One of the largest trends is the desire to change from capital expenditure (CapEx) to operational expenditure (OpEx) models (up from 20% to 24% this year), in line with the growing adoption of cloud-based services. Ultimately, the most important consideration remains to improve the reliability (success rates) of backups.
Outcomes when adopting modern data protection
The 2021 Data Protection research provided much insight into trends and analysis, but what can you expect if you move to a modern data protection solution? Modern data protection can deliver new levels of confidence and operational excellence, ensuring your data is always protected and available, as well as many other economic and productivity benefits. Recently, Veeam sponsored IDC Research to develop a white paper targeting outcomes. Some of those results, as with other research findings, are included below to showcase measurable results.

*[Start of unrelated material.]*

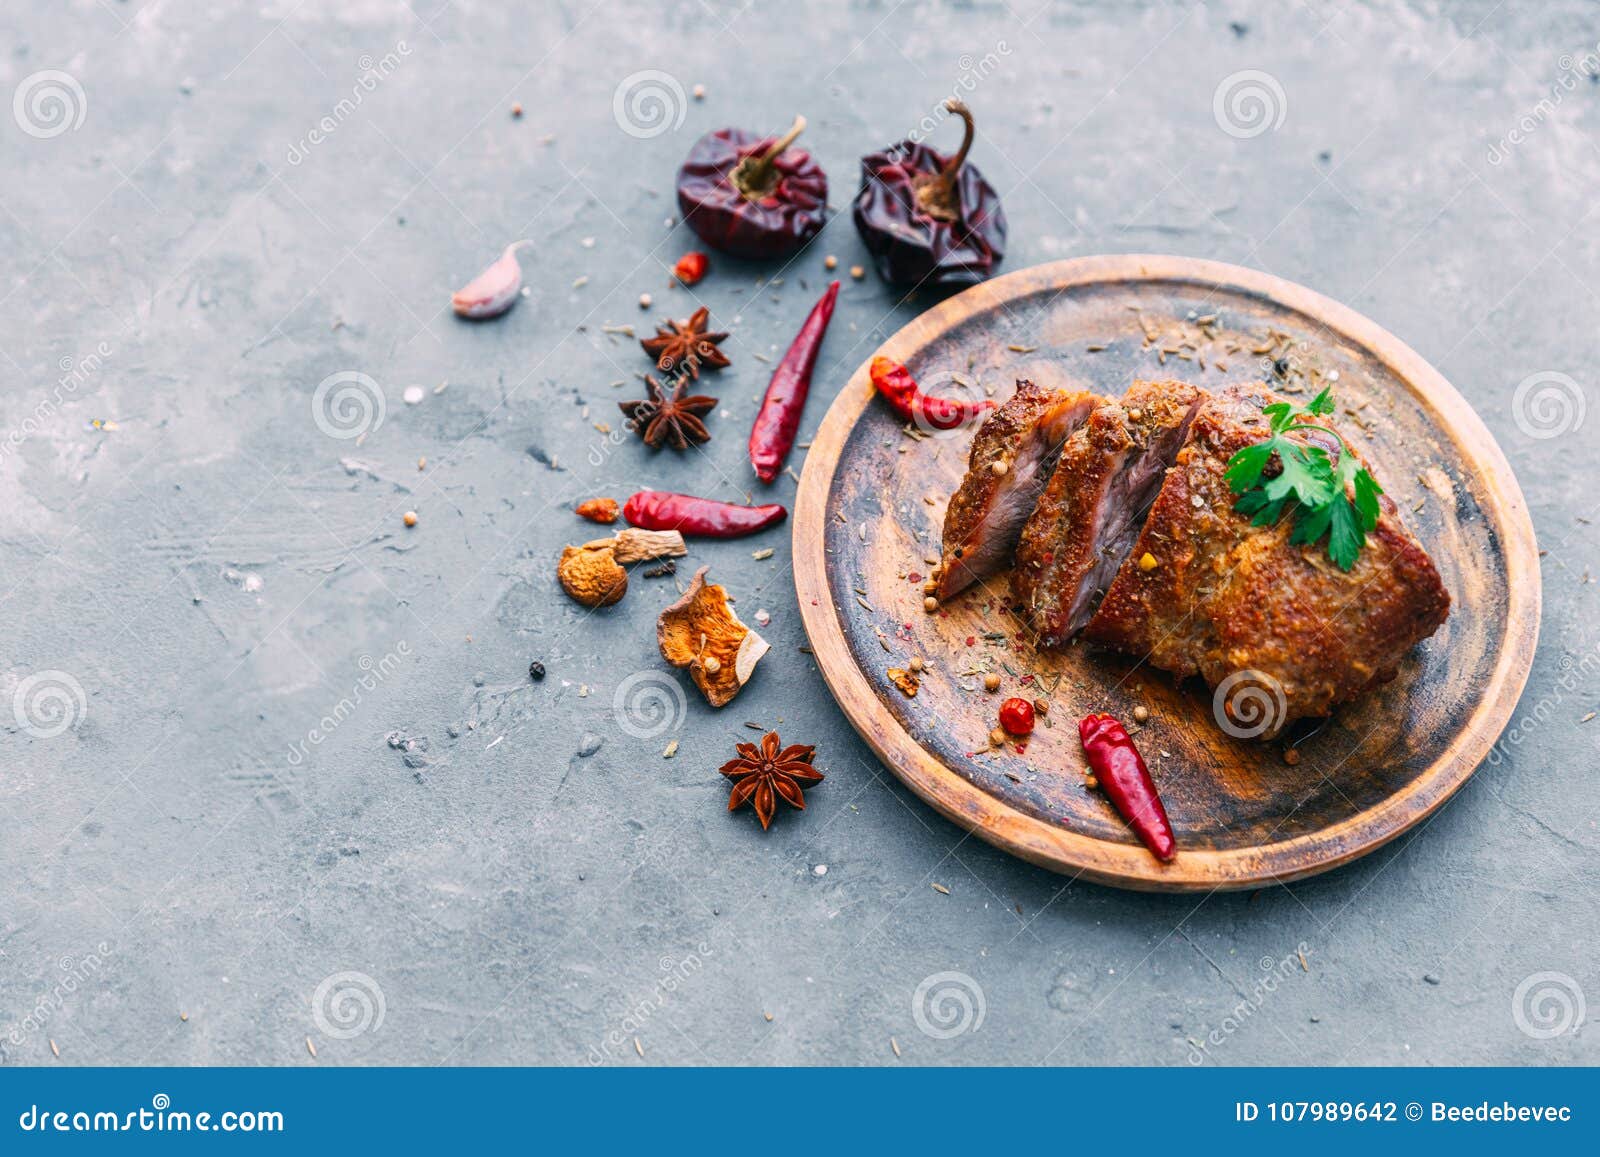 slices of beef steak with spices on blue table
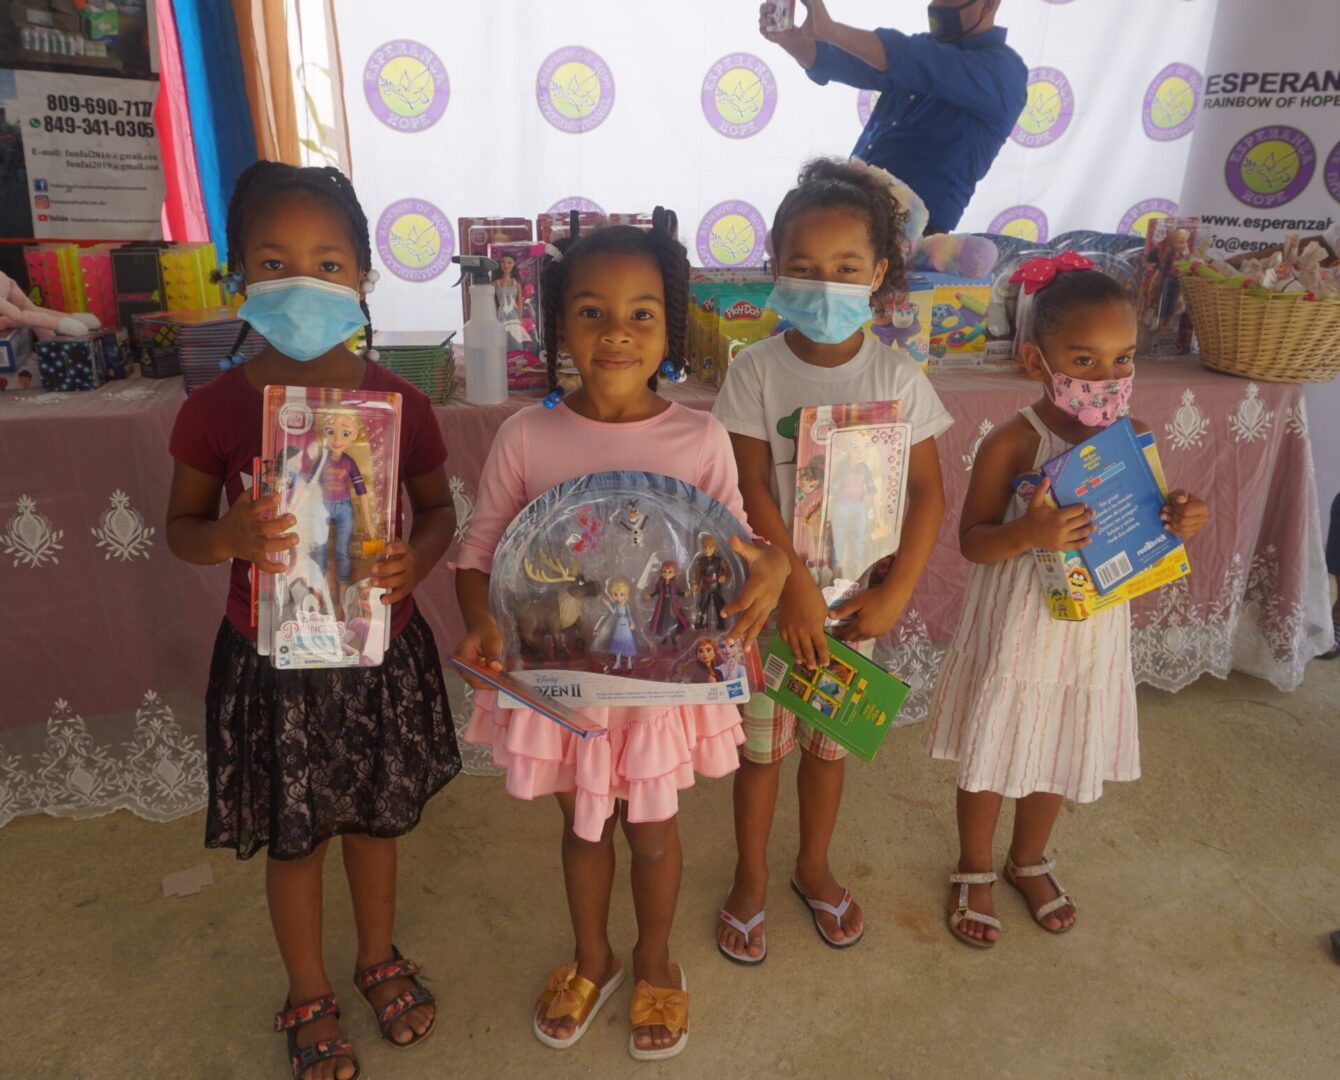 Four young girls, three wearing masks, holding books and toys

Digital resiliency is the outcome of the unified solution of unified data protection across all platforms (legacy and modern), combined with cost-effective and trusted backup and recovery. Reducing the vast overhead and cost of legacy data protection while providing reliable security against malware threats and ensuring organisational-wide data protection.
Data accessibility and management
Modern data management increases availability through automated and instant recovery, keeping data platforms healthy without manual intervention, and reducing compliance risks. Managing data without process reduces efficiency and can increase the time of recovery. Systems need automated processes to simplify management and recovery while reducing risk.
Well-managed data provides nearly perfect availability and uninterrupted accessibility, driving data trust and integrity. Organisations that have adopted strong data management platforms experience an increased IT infrastructure team efficiency through fewer instances of data loss and improved confidence in backup reliability leading to an 86% reduced restoration time of business-critical workloads.
With the rapid change of IT strategy and faster adoption of modern services, data protection is more than ever under pressure to be simple, flexible, and reliable to support and grow the business. No longer can backup be enough; organisations are looking for more from their data protection systems. Lower costs, higher automation, and intelligence and data reuse, to name just a few.